This is the first of a series of three posts about several versions of Bell’s theorem. I’m starting with what I believe is by consensus the simplest version: the one proved by Clauser, Horne, Shimony, and Holt in 1969, based on Bell’s original version from 1964.

The theorem is about explaining the statistics observed by two experimenters, Alice and Bob, that are making measurements on some physical system in a space-like separated way. The details of their experiment are not important for the theorem (of course, they are important for actually doing the experiment). What is important is that each experimenter has two possible settings, named 0 and 1, and for each setting the measurement has two possible outcomes, again named 0 and 1.

Of course it is not actually possible to have only two settings in a real experiment: usually the measurement depends on a continuous parameter, like the angle with which you set a wave plate, or the phase of the laser with which you hit an ion, and you are only able to set this continuous parameter with finite precision. But this is not a problem, as we only need to define in advance that “this angle corresponds to setting 0” and “this angle corresponds to setting 1”. If the angles are not a good approximation to the ideal settings you are just going to get bad statistics.

Analogously, it is also not actually possible to have only two outcomes for each measurement, most commonly because you lost a photon and no detector clicked, but also because you can have multiple detections, or you might be doing a measurement on a continuous variable, like position. Again, the important thing is that you define in advance which outcomes correspond to the 0 outcome, and which outcomes correspond to the 1 outcome. Indeed, this is exactly what was done in the recent loophole-free Bell tests: they defined the no-detection outcome to correspond to the outcome 1.

Having their settings and outcomes defined like this, our experimenters measure some conditional probabilities $p(ab|xy)$, where $a,b$ are Alice and Bob’s outcomes, and $x,y$ are their settings. Now they want to explain these correlations. How did they come about? Well, they obtained them by measuring some physical system $\lambda$ (that can be a quantum state, or something more exotic like a Bohmian corpuscle) that they did not have complete control over, so it is reasonable to write the probabilities as arising from an averaging over different values of $\lambda$. So they decompose the probabilities as

\[ p(ab|xy) = \sum_\lambda p(\lambda|xy)p(ab|xy\lambda) \]

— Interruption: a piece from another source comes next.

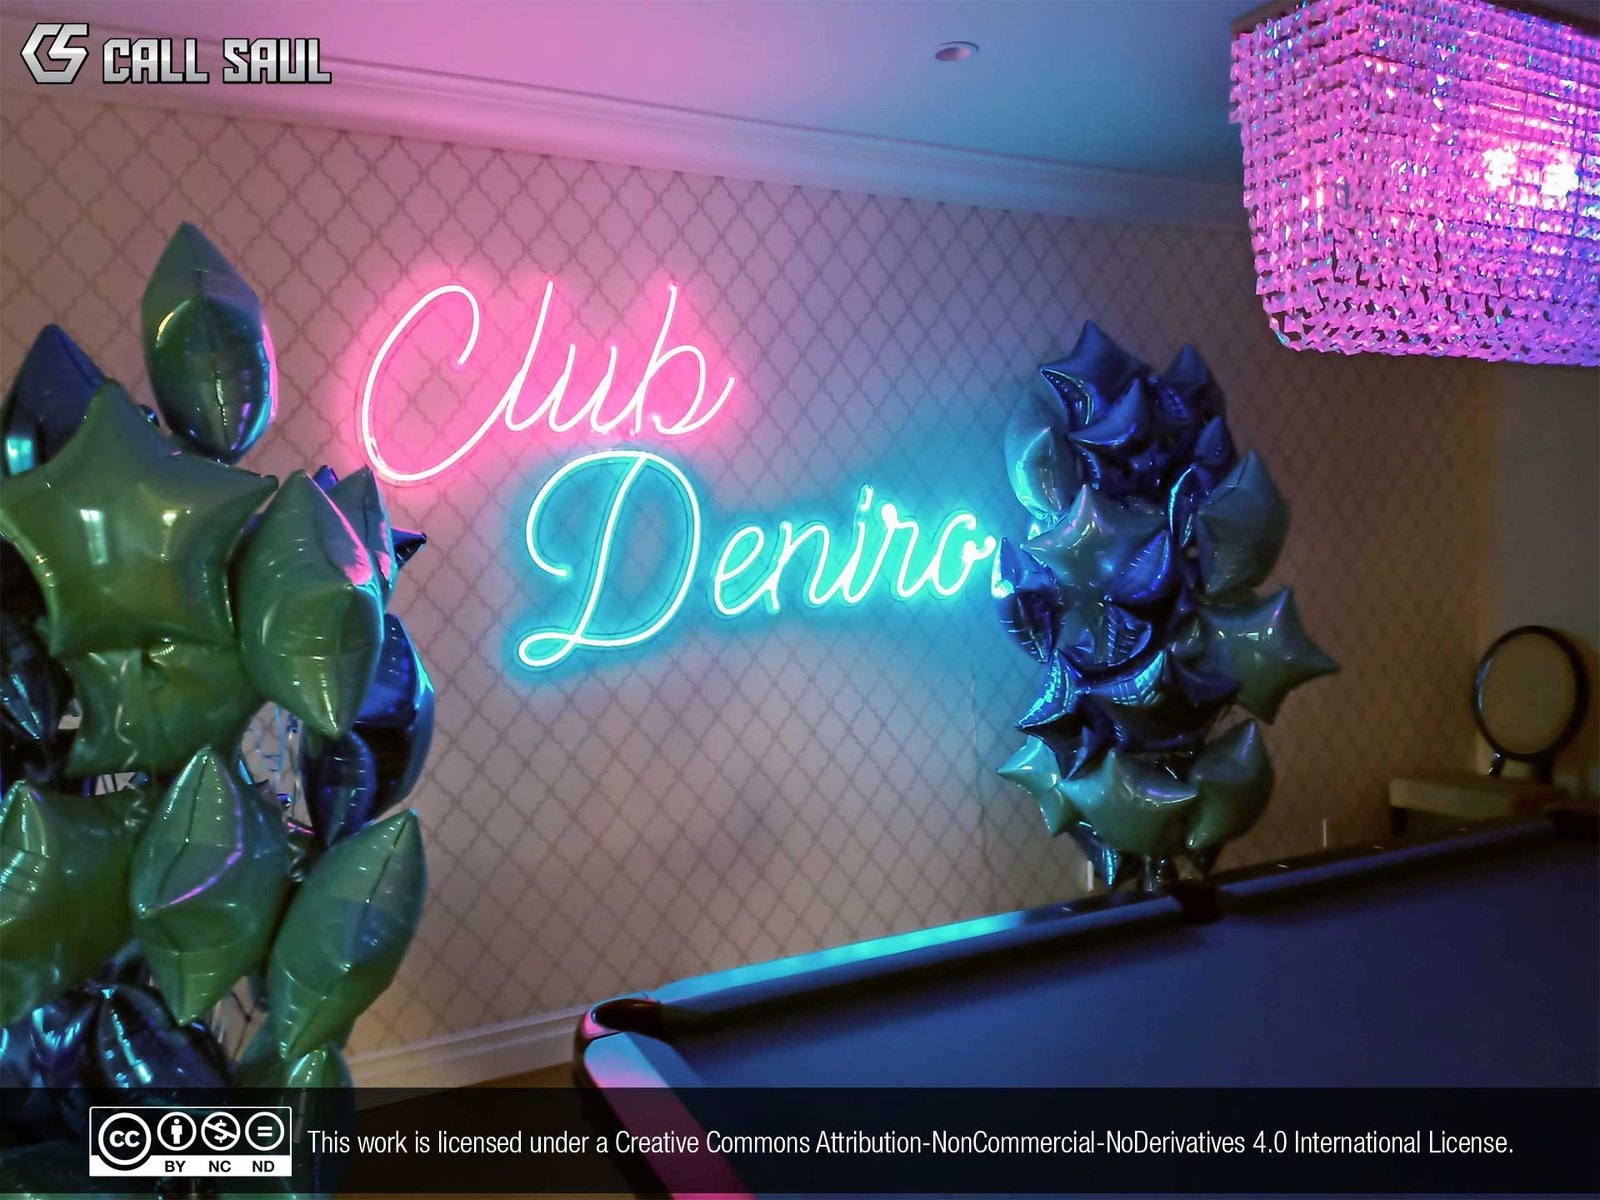 Club Deniro Pink and Blue Color LED Neon Sign

Note that this is not an assumption, just a mathematical identity. If you are an experimental superhero and can really make your source emit the same quantum state in every single round of the experiment you just get a trivial decomposition with a single $\lambda$ (incidentally, by Caratheodory’s theorem one needs only 13 different $\lambda$s to write this decomposition, so the use of integrals over $\lambda$ in some proofs of Bell’s theorem is rather overkill).

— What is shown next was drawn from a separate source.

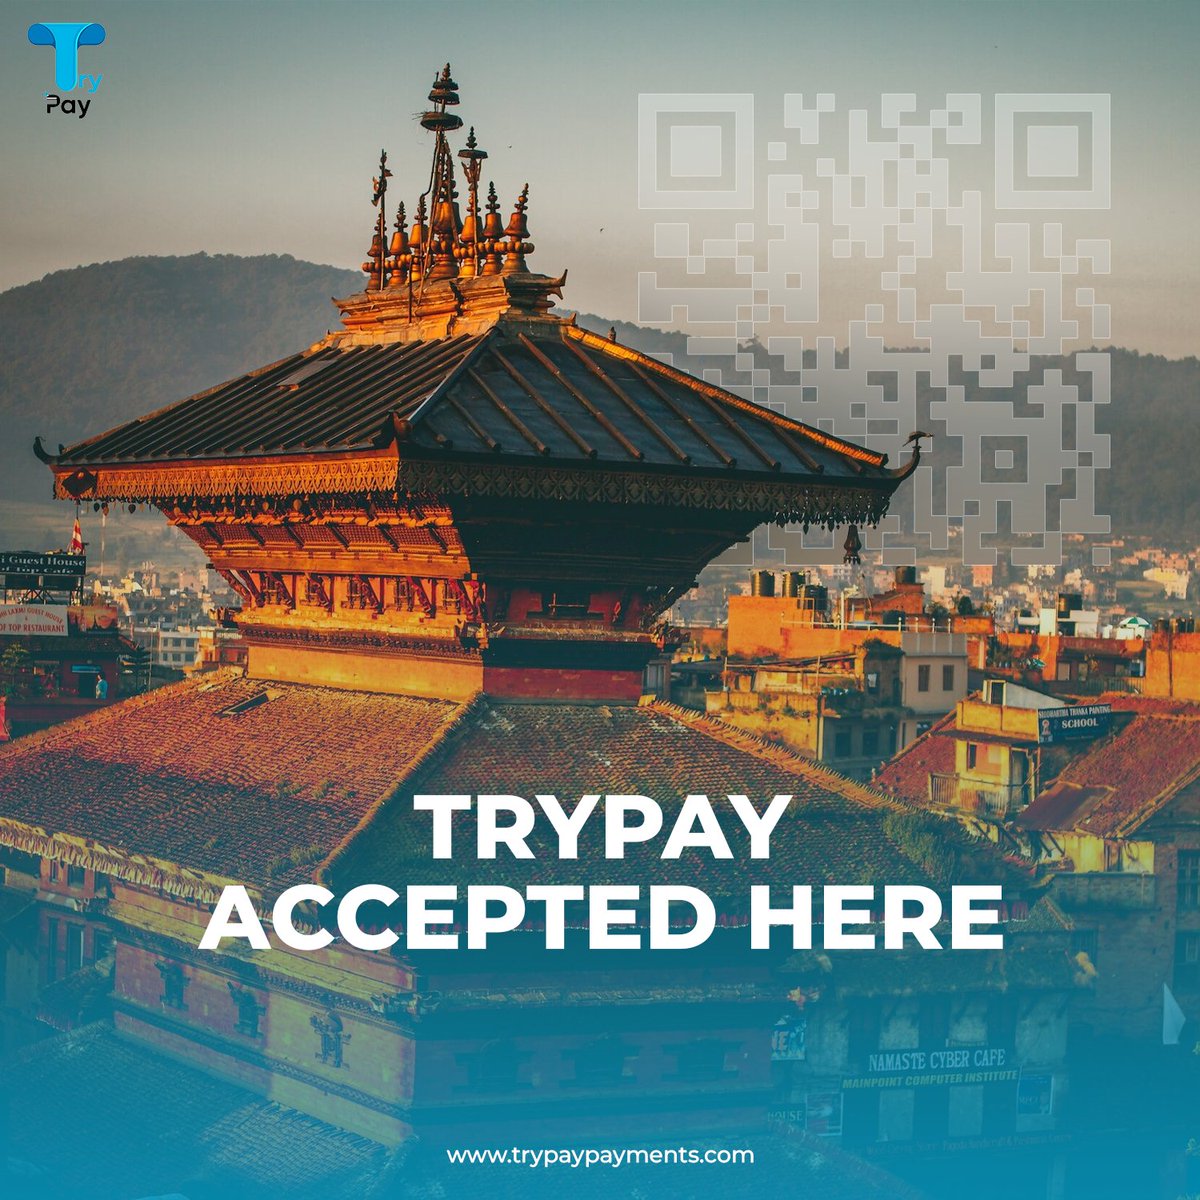 Experience seamless global payments with UPI International on Trypay, making shopping worldwide a breeze!. #GlobalPayments #ConvenienceRedefined #ShopAnywhere #payments #paymentgateway #finance #settlement #paytm #banking

The first assumption that we use in the proof is that the physical system $\lambda$ is not correlated with the settings $x$ and $y$, that is $p(\lambda|xy) = p(\lambda)$. I think this assumption is necessary to even do science, because if it were not possible to probe a physical system independently of its state, we couldn’t hope to be able to learn what its actual state is. It would be like trying to find a correlation between smoking and cancer when your sample of patients is chosen by a tobacco company. This assumption is variously called “freedom of choice”, “no superdeterminism”, or “no conspiracy”. I think “freedom of choice” is a really bad name, as in actual experiments nobody *chooses* the settings: instead they are determined by a quantum random number generator or by the bit string of “Doctor Who”. As for “no superdeterminism”, I think the name is rather confusing, as the assumption has nothing to do with determinism — it is possible to respect it in a deterministic theory, and it is possible to violate it in a indeterministic theory. Instead I’ll go with “no conspiracy”:

- No conspiracy: $p(\lambda|xy) = p(\lambda)$.

With this assumption the decomposition of the probabilities simplifies to

\[ p(ab|xy) = \sum_\lambda p(\lambda)p(ab|xy\lambda) \]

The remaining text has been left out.